After I was diagnosed with pulmonary fibrosis, I began evaluating the best way to spend the precious time and energy I have left. Against a backdrop of grief, I made a list of the things I wanted to complete before I passed. Some goals involved increasing my quality of life, spending time with family and friends, and taking care of business.

Dreading this step

Kim and Joany

(Courtesy of Kim Fredrickson)

One of the things on my list was taking care of funeral arrangements so my family didn’t have to do it when I passed. Honestly, I’ve been putting this off, because I thought it would be so hard to do.

My good friend Joany died four years ago from cancer, and she shared a lot with me about her dying process. She had an awful experience picking out a burial plot, and I couldn’t get it out of my mind. She and her husband went to look at plots, and the caretaker went on and on about all the people he knew who had died of cancer, and how much pain they went through. It was so awful for her. She was so ill that she didn’t have the strength to tell him to stop.

A plan

Through tears, I told my husband that I didn’t want to go through something like that. He’s a great problem solver, so I asked him to help me come up with a plan should that happen to us when looking at plots. He did. He said we should present ourselves as a retired couple who are taking care of concerns such as updating our trust, consolidating our finances, and making funeral arrangements. All true.

He said we shouldn’t share that I have a terminal illness or share anything personal that would invite comments or questions. If someone asked about my oxygen, I’d say I need a little when I move around and leave it at that.

Easier than expected

(Photo by Kim Fredrickson)

I felt a lot better about going to look at burial plots after talking with him.

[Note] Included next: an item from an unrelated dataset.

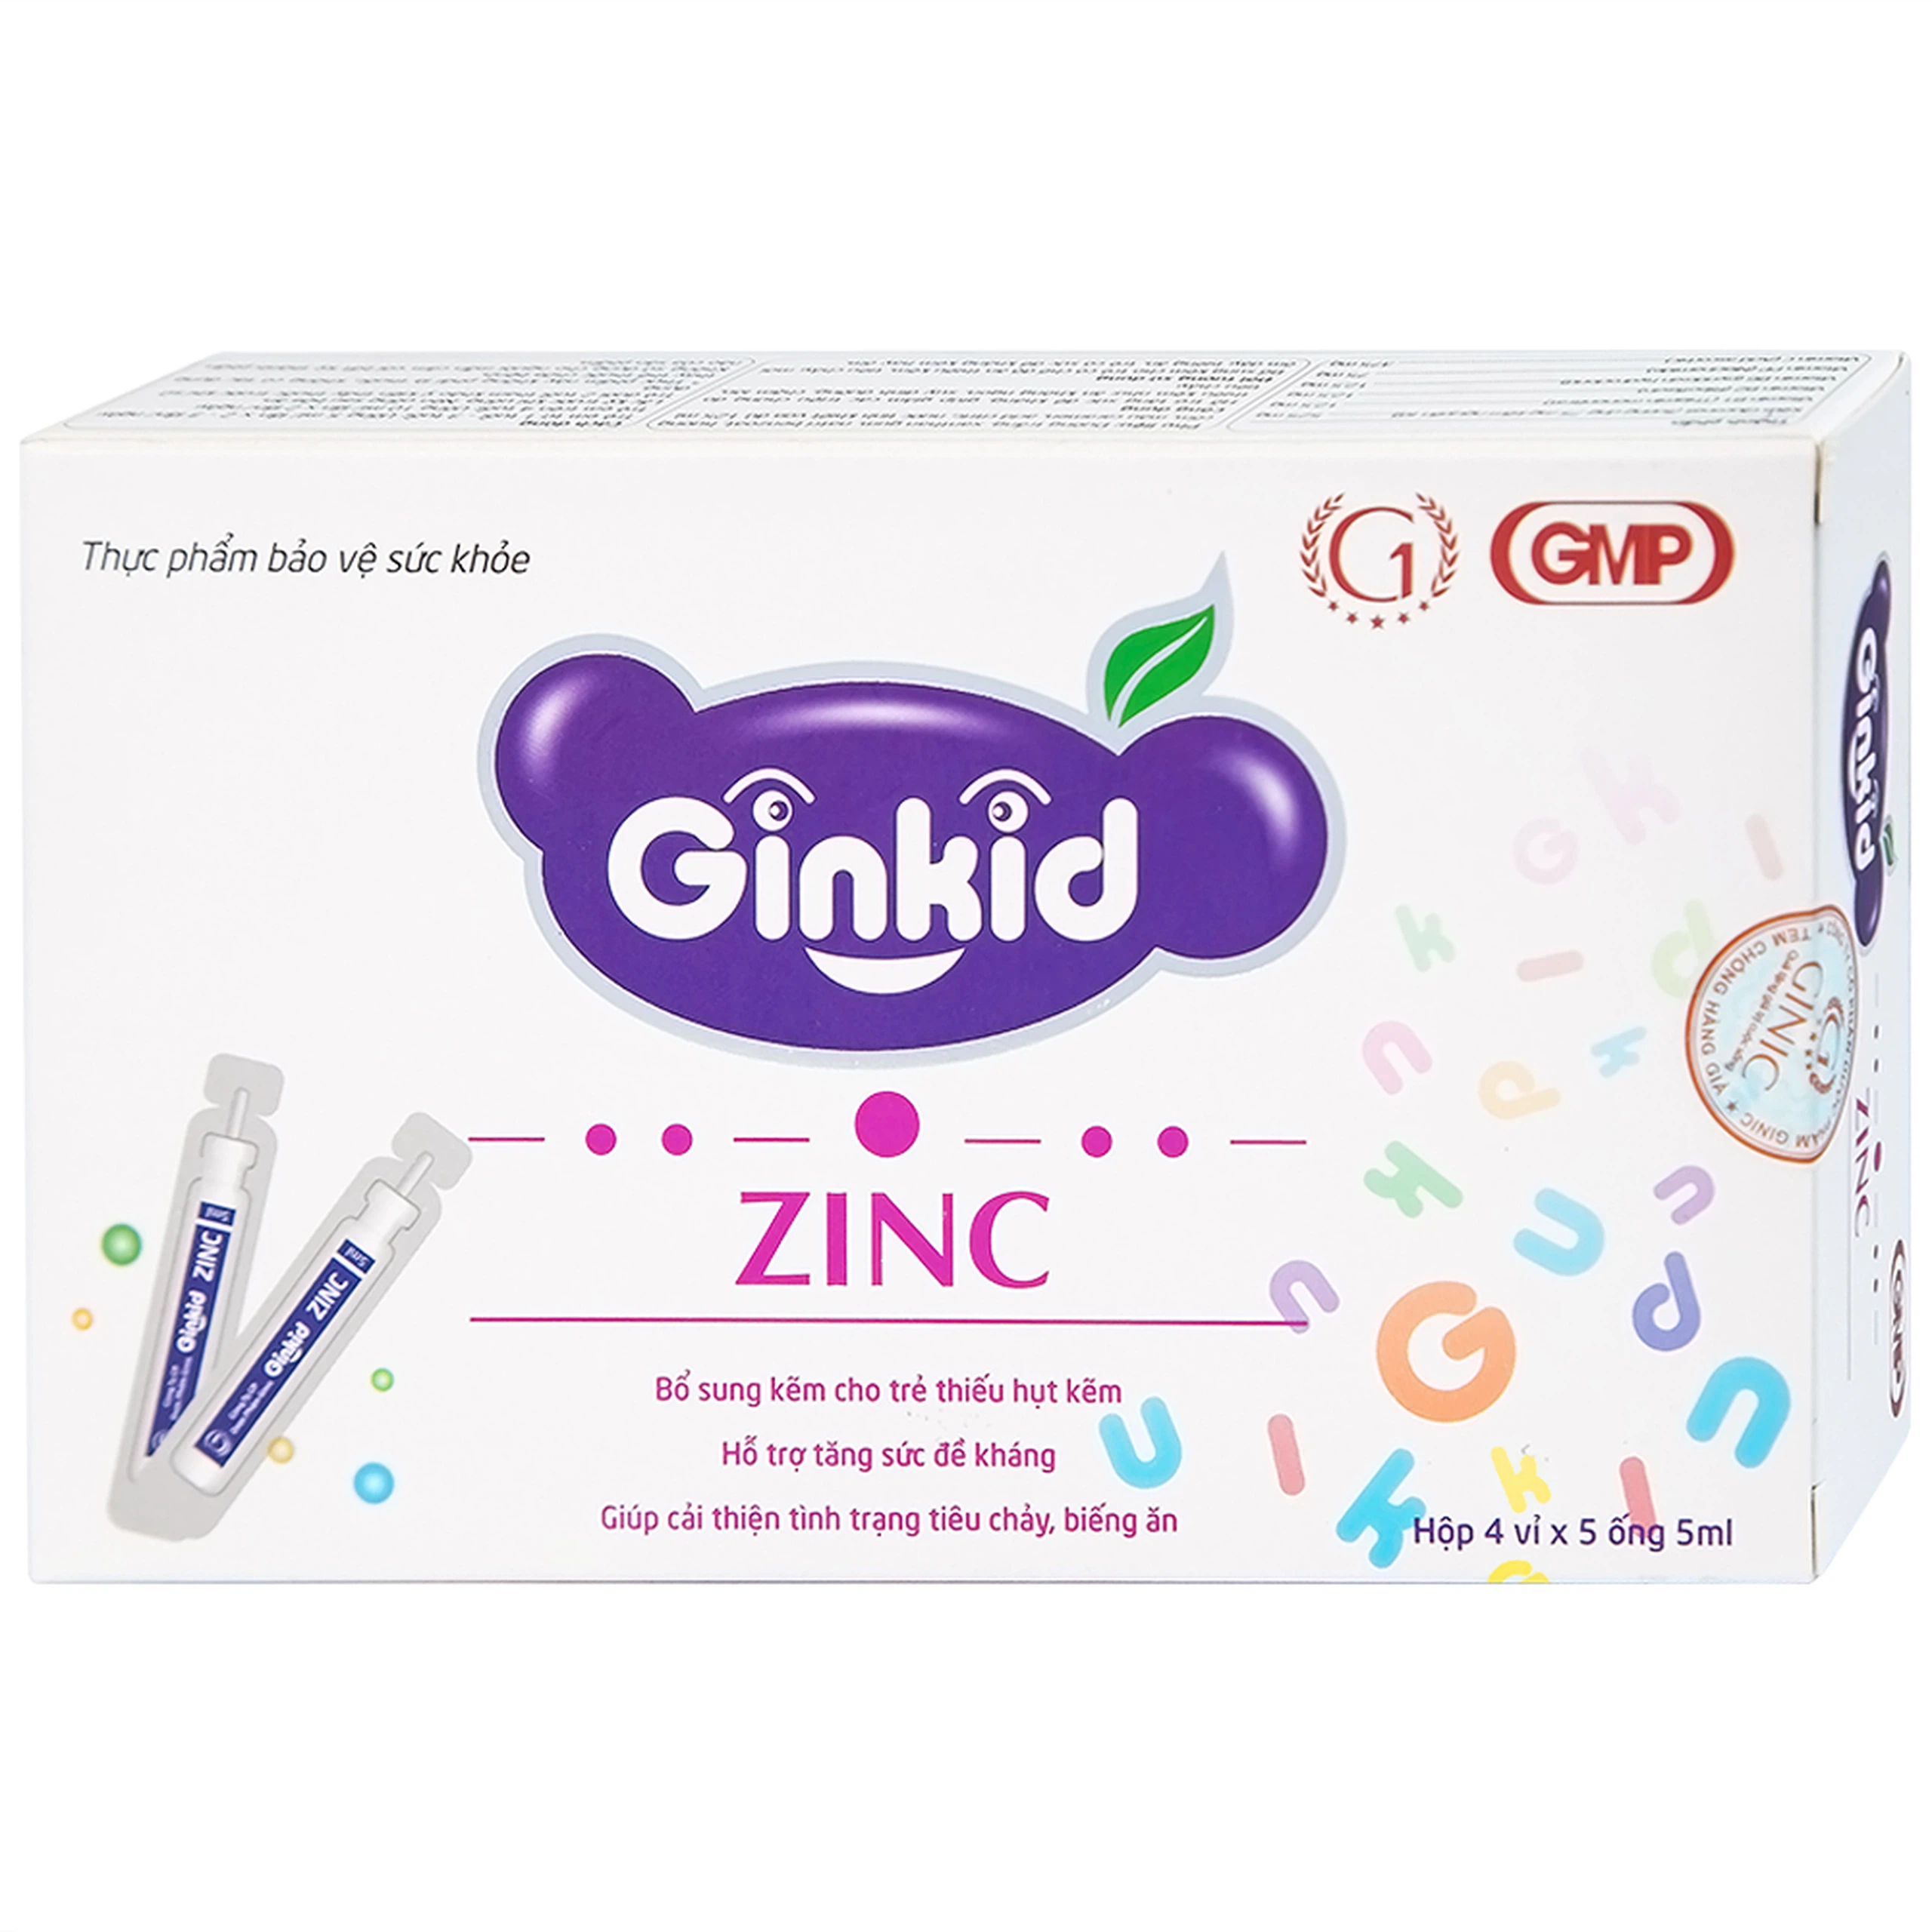 Siro Ginkid ZinC bổ sung kẽm, hỗ trợ tăng sức đề kháng (4 vỉ x 5 ống x 5ml)

We just got back and it was so much easier than I expected. Whew! Thanks, God!

He took us around in a golf cart and asked questions about whether we want a plot that has a flat marker or a raised headstone, as they were in different areas of the cemetery. He asked about where we’d want the plot to be, such as near the edge of an area, in the middle, or under a tree.

My husband had some definite preferences, so it helped that he was contributing, too, rather than it being focused on me, the one who is dying. We paid for our burial plots, and away we went.

I’m so relieved! It helped to have a plan, and approach it from the perspective that we are taking care of arrangements everyone who’s retired should address. We still have to meet with a funeral home and monument company. We are going to meet with them over the next two weeks, and we have the same plan going in.

Friends, it’s so hard to face our upcoming death. I understand how easy it is to ignore things like this, because I’ve been doing it for over a year. What helped me pull the trigger was that I don’t want to make these arrangements later when I’m feeling even worse. I also don’t want my husband and kids to have to figure all this out after I pass away.

I’d love to hear from you

Have you made funeral arrangements? What was it like for you? Do you have any advice to those who haven’t made these arrangements yet?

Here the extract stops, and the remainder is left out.